On board the Kazakh express as it picks up speed

China's One Belt One Road initiative can open doors of opportunity for its neighbour Kazakhstan

Khorgos East Gate, a dry container port next to the border with China, is key to Kazakhstan's hopes of recreating the Old Silk Road. Here trains from China will unload their containers for transhipment to Central Asia and Europe.
Khorgos East Gate, a dry container port next to the border with China, is key to Kazakhstan's hopes of recreating the Old Silk Road. Here trains from China will unload their containers for transhipment to Central Asia and Europe.
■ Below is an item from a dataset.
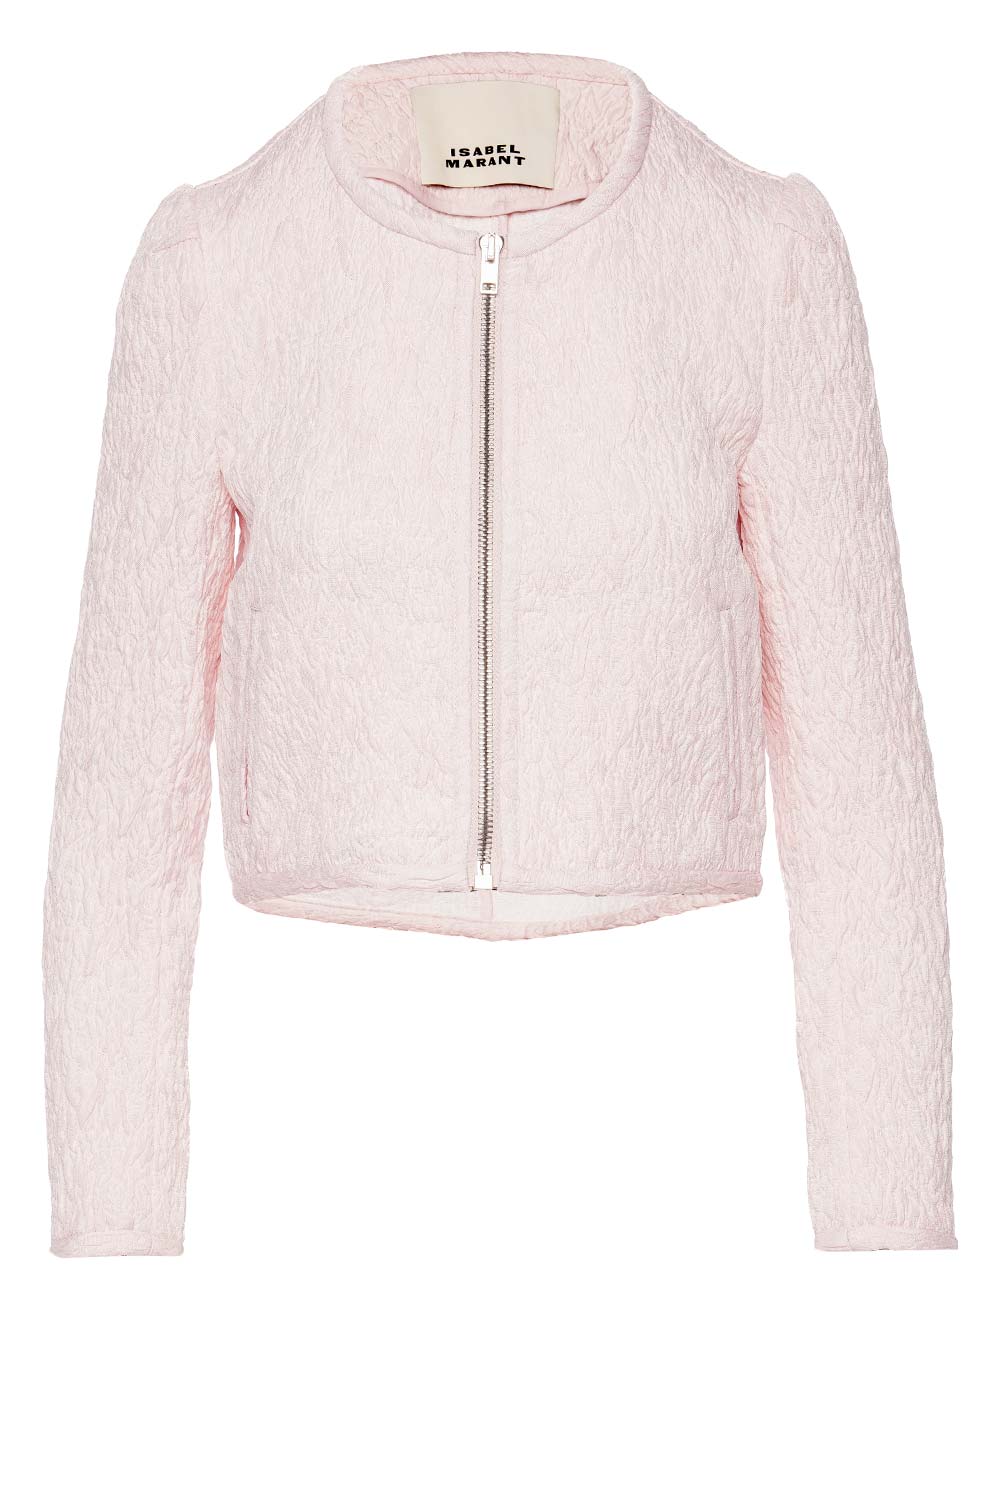 Isabel Marant Palmire Light Pink Textured Jacket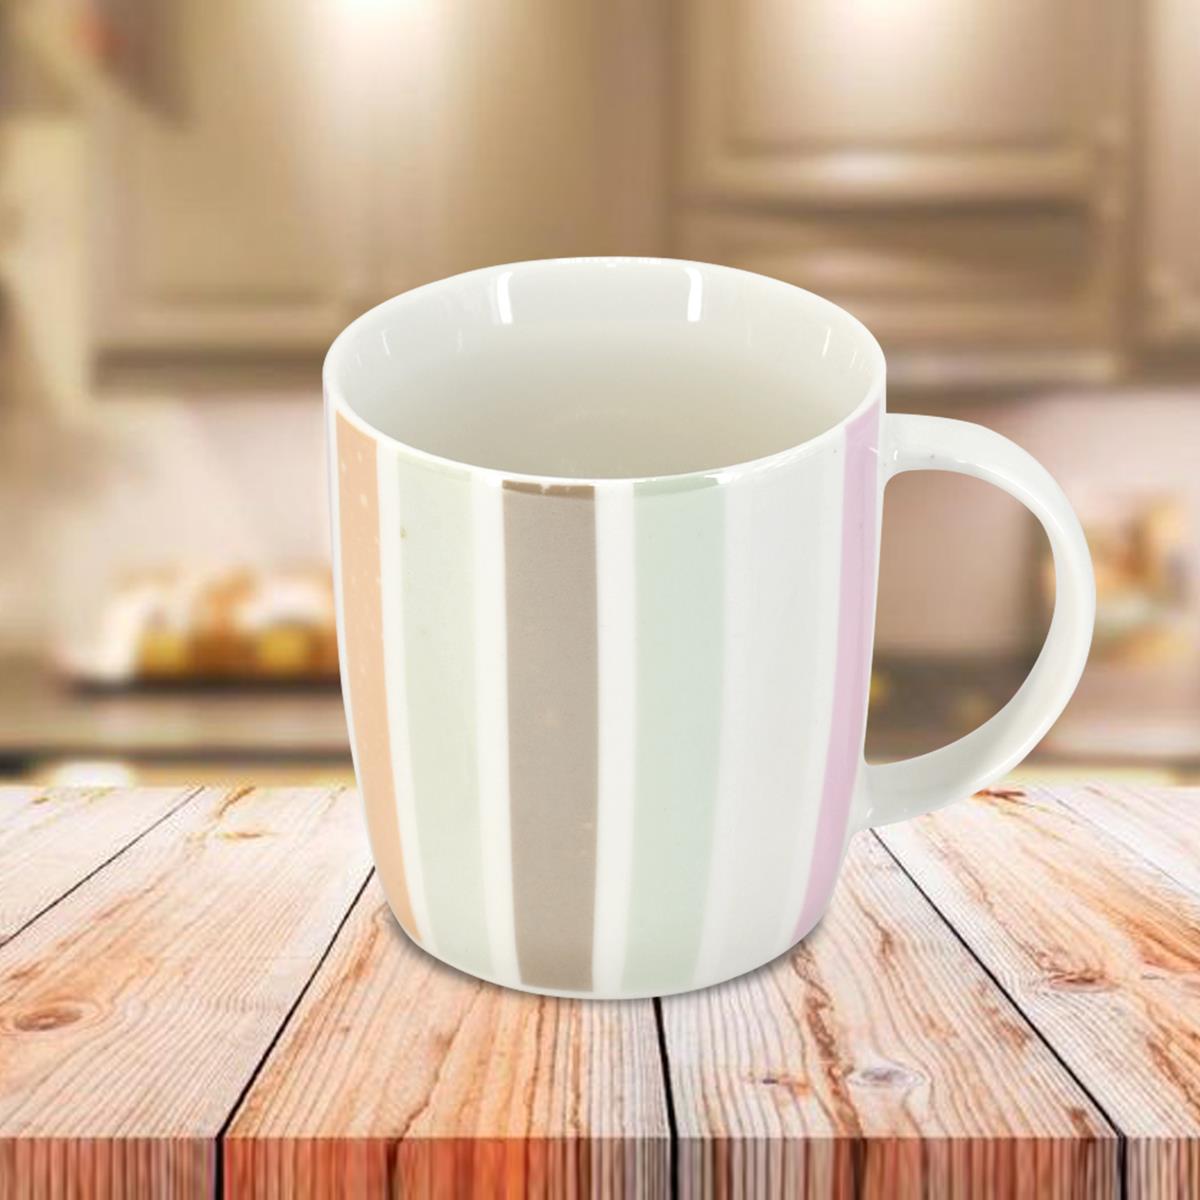 Kookee Ceramic Coffee or Tea Mug with handle for Office, Home or Gifting - 325ml (BPM3758-D)

PHOTO: KHORGOS GATEWAY

If geography is destiny, Kazakhstan might seem condemned to an isolated fate, cut off from today's interconnected world.

Indeed, for much of the 20th century, that was how it was for this landlocked country with no access to the open sea.

But fate has a funny way of overturning fixed ideas, especially when you're living next door to over-achieving China.

For Kazakhstan, it happened when China's President Xi Jinping announced the ambitious One Belt One Road initiative to recreate the Old Silk Route and promote trade and investment between East and West.

Suddenly Kazakhs found their country in the middle of a transcontinental plan to connect the world's factory to the rich markets of Western Europe.

Imagine sleepy fishing village Singapore in the 19th century waking up to discover it was of interest to the British empire with the world's largest shipping fleet.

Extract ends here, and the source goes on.